Have ya'll ever heard the saying " No replacement for displacement" .... It's true guys. This 3.5L Gas ( that's little bitty FYI ) engine has to have a bunch of boost to make equivalent power of a much bigger gasoline engine like the new Hemi. Well to be able to run the boost you have to have the fuel. You can't have one and not the other. Also, you need low RPM torque to tow comfortably and with good MPG, which is exactly the opposite of the eco boost engine. Its make the torque and horsepower in the upper RPM's where its making the most boost and burning the most fuel. Maybe a solution to ya'll wanting to get 15+ mpgs while towing is a half ton diesel. Like the eco diesel or new nissian with the cummins. Don't be to hard on that eco boost, it is only a V-6 gas motor in a 5500# truck after all.


----------



## Freefron

I have 2013 3.5l EB and my mileage definitely suffers when towing, though not to 7-8mpg. I think when the turbo is engaged, the power is impressive, but at low rpm's, it is simply a v6, operating out of its power band, and thus the inefficiency (low mileage). I have a Expedition 5.4l V8 with 200k miles and it tows better than my ecoboost, because of its low rpm torque advantage.


----------



## Copano/Aransas

Freefron said:


> I have 2013 3.5l EB and my mileage definitely suffers when towing, though not to 7-8mpg. I think when the turbo is engaged, the power is impressive, but at low rpm's, it is simply a v6, operating out of its power band, and thus the inefficiency (low mileage). *I have a Expedition 5.4l V8 with 200k miles and it tows better than my ecoboost*, because of its low rpm torque advantage.

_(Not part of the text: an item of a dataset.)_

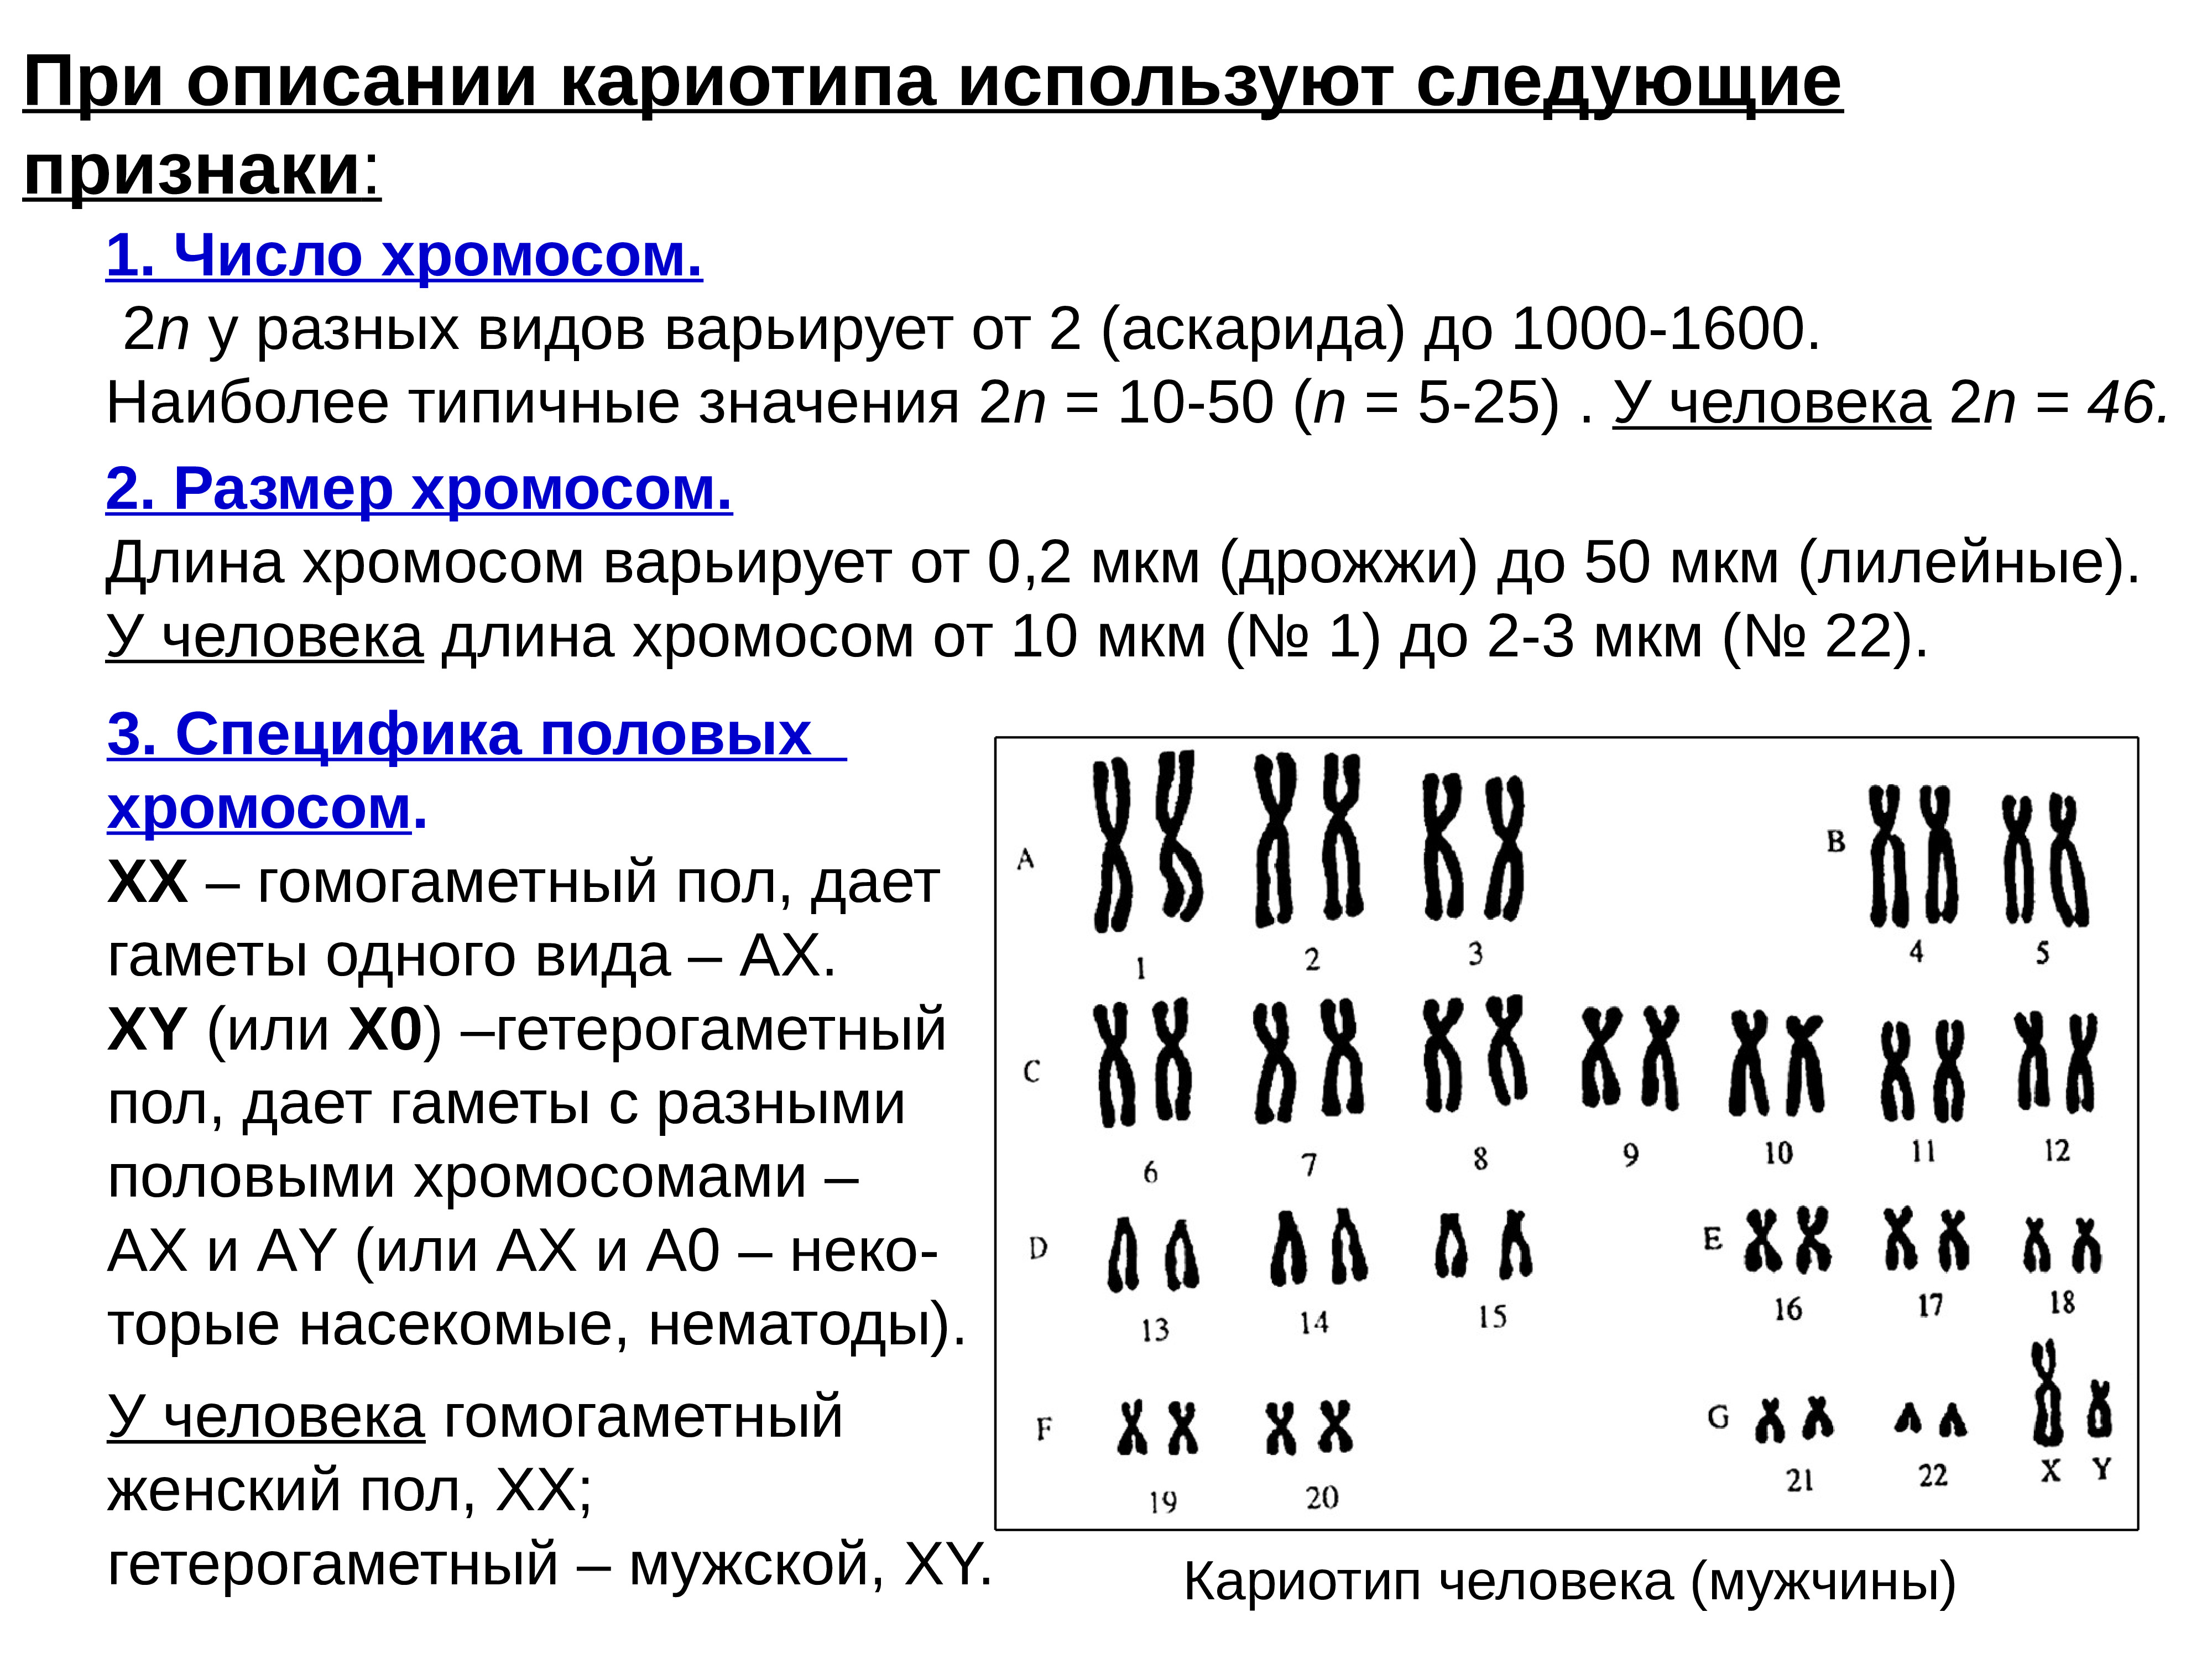 23 хромосомы у человека в клетках. Формула кариотипа человека в норме. Характеристика кариотипа человека в норме. Кариотип таблица хромосом. Хромосомные формулы кариотипа.

LOL...:rotfl::rotfl: Are you driving it right ? Also the turbo is always spooling, the ecoboost has the most torque at 1200 to 2000 RPM's


----------



## C.Hern5972

30 gallon tank
440 miles
13.9 computer 
30.12 fill up super unleaded 

do the math.. its not all its cracked up to be. Now I did put a leveling kit with 1 size taller tire
This is combined city/hwy driving. I baby the heck out of my truck.


----------



## Gottagofishin

A 5.4 F150 or Expy cannot out tow a 3.5 Ecoboost. I've had all three and it isn't even close.


----------



## Bama1080

mike said:


> Have ya'll ever heard the saying " No replacement for displacement" .... It's true guys. This 3.5L Gas ( that's little bitty FYI ) engine has to have a bunch of boost to make equivalent power of a much bigger gasoline engine like the new Hemi. Well to be able to run the boost you have to have the fuel. You can't have one and not the other. Also, you need low RPM torque to tow comfortably and with good MPG, which is exactly the opposite of the eco boost engine. Its make the torque and horsepower in the upper RPM's where its making the most boost and burning the most fuel. Maybe a solution to ya'll wanting to get 15+ mpgs while towing is a half ton diesel. Like the eco diesel or new nissian with the cummins. Don't be to hard on that eco boost, it is only a V-6 gas motor in a 5500# truck after all.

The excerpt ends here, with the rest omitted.